Ovarian Cancer Epidemiology: An Insight into the Risk Factors and Prevention
Ovarian cancer is one of the most devastating forms of cancer. It is the fifth leading cause of cancer death among women in the United States. According to the American Cancer Society (ACS), in 2020, an estimated 21,750 women will receive a new diagnosis of ovarian cancer in the US, and 13,940 women will die from it. The global incidence and mortality rates of ovarian cancer are also high. In this article, we will discuss the epidemiology of ovarian cancer, its risk factors and prevention.

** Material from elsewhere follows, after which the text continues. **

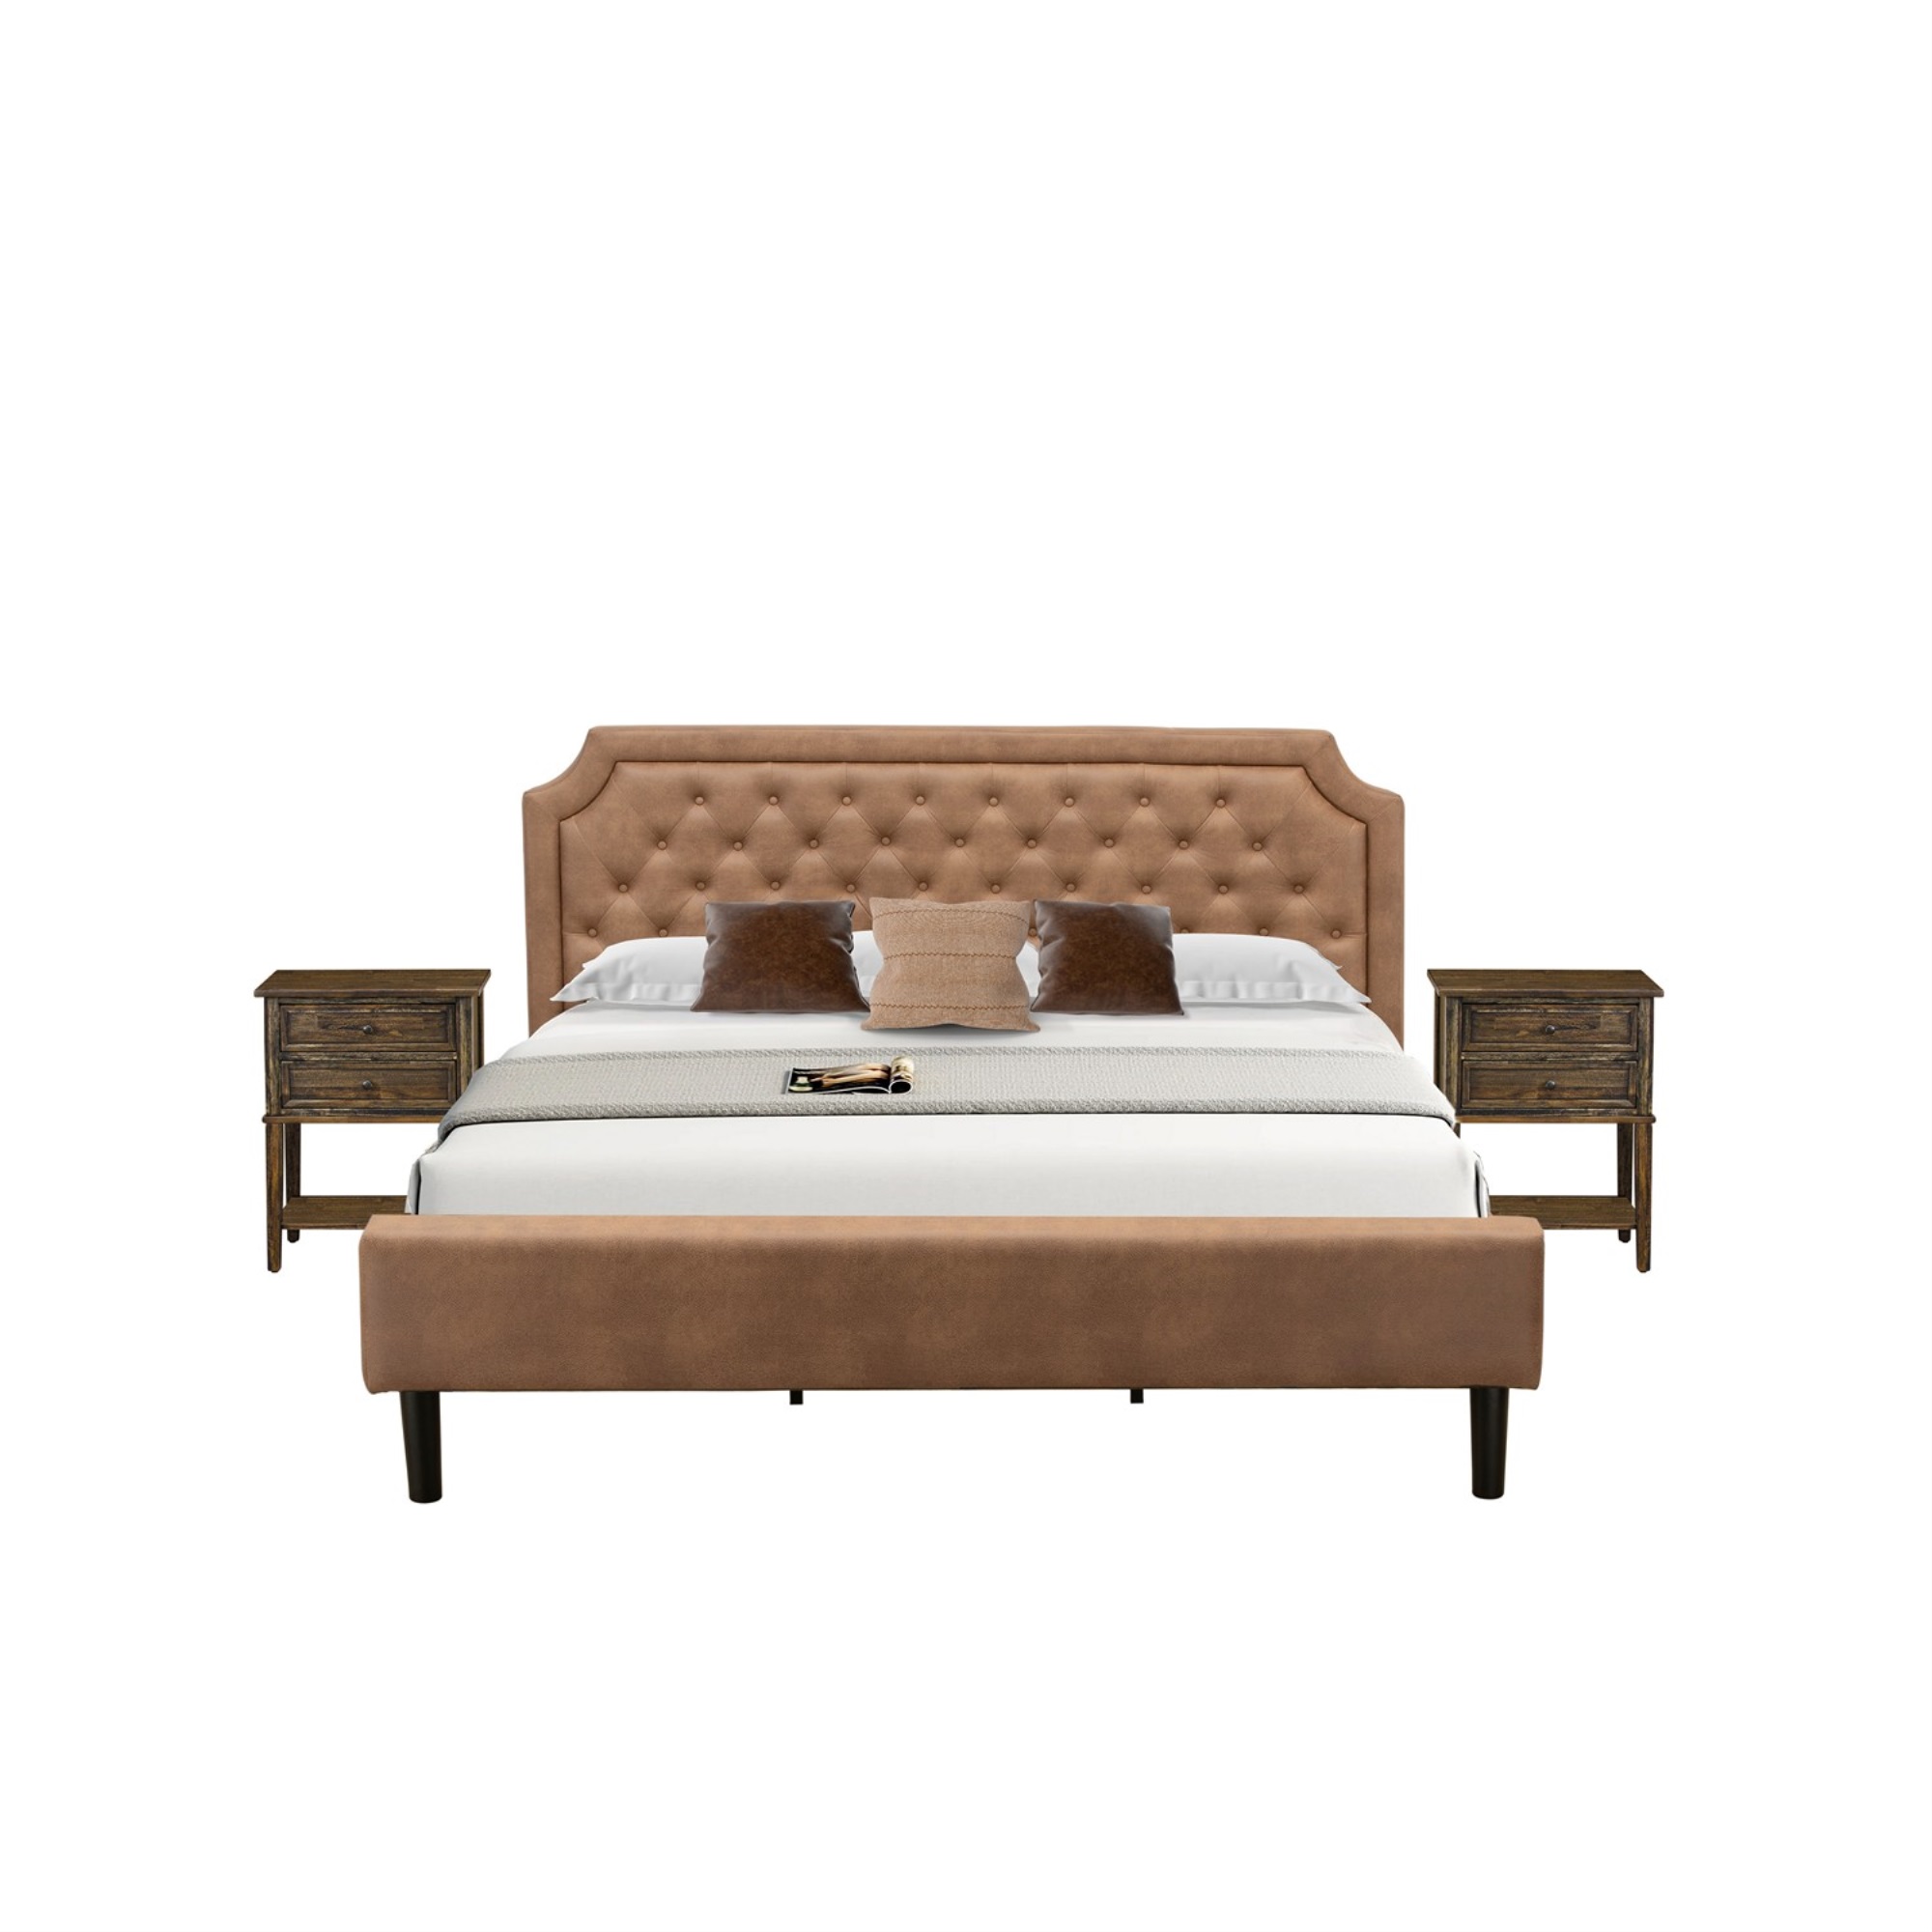 East West Furniture GB28K-2VL07 3-Piece Granbury Bed Set with a King Bedframe and 2 Distressed Jacobean Night Stand - Brown Faux Leather with Brow

Epidemiology of Ovarian Cancer
Ovarian cancer affects women of all ages, but it is most commonly diagnosed in women over 50. The incidence of ovarian cancer varies widely between countries. For example, the incidence rate in the United States is higher than in some European countries, but lower than in some Asian countries.
Ovarian cancer has a lower 5-year survival rate compared to other types of cancer, with only 49% of women surviving beyond 5 years after diagnosis. This is partly due to the lack of effective screening tests for early detection and the fact that symptoms of ovarian cancer are often vague and can be mistaken for other conditions.
Risk Factors for Ovarian Cancer
The exact cause of ovarian cancer is not known. However, several risk factors have been identified:
1. Age: The risk of ovarian cancer increases with age, with most cases occurring in women over the age of 50.
2. Family history: Women with a family history of ovarian cancer, breast cancer or both have a higher risk of developing ovarian cancer.
3. Genetic mutations: Some genetic mutations, such as those in the BRCA1 and BRCA2 genes, increase the risk of ovarian cancer.
4. Reproductive history: Women who have never had children or who had their first child after the age of 35 have a higher risk of ovarian cancer.
5. Hormone replacement therapy: Long-term use of hormone replacement therapy (HRT) has been linked to an increased risk of ovarian cancer.
6. Endometriosis: Women with endometriosis, a condition in which tissue that normally lines the uterus grows outside it, have a higher risk of ovarian cancer.
Prevention of Ovarian Cancer
There is no sure way to prevent ovarian cancer. However, there are some steps that women can take to reduce their risk:
1. Use of oral contraceptives: Women who use birth control pills for at least 3 years have a lower risk of ovarian cancer.
2. Pregnancy and breastfeeding: Women who have had multiple pregnancies and who breastfeed have a lower risk of ovarian cancer.
3. Tubal ligation: Women who have had their fallopian tubes tied have a lower risk of ovarian cancer.
4. Prophylactic surgery: Women who have a high risk of ovarian cancer due to genetic mutations may choose to have prophylactic surgery, such as the removal of the ovaries and fallopian tubes, to reduce their risk.
Ovarian cancer is a serious disease that affects thousands of women every year. While there is no sure way to prevent ovarian cancer, women can take steps to reduce their risk, such as using oral contraceptives, having multiple pregnancies, and having their fallopian tubes tied. Women with a family history of ovarian cancer or genetic mutations may consider prophylactic surgery to reduce their risk. Early detection is key to improving the prognosis of ovarian cancer, so women should be aware of the symptoms and speak with their healthcare provider if they experience any of them.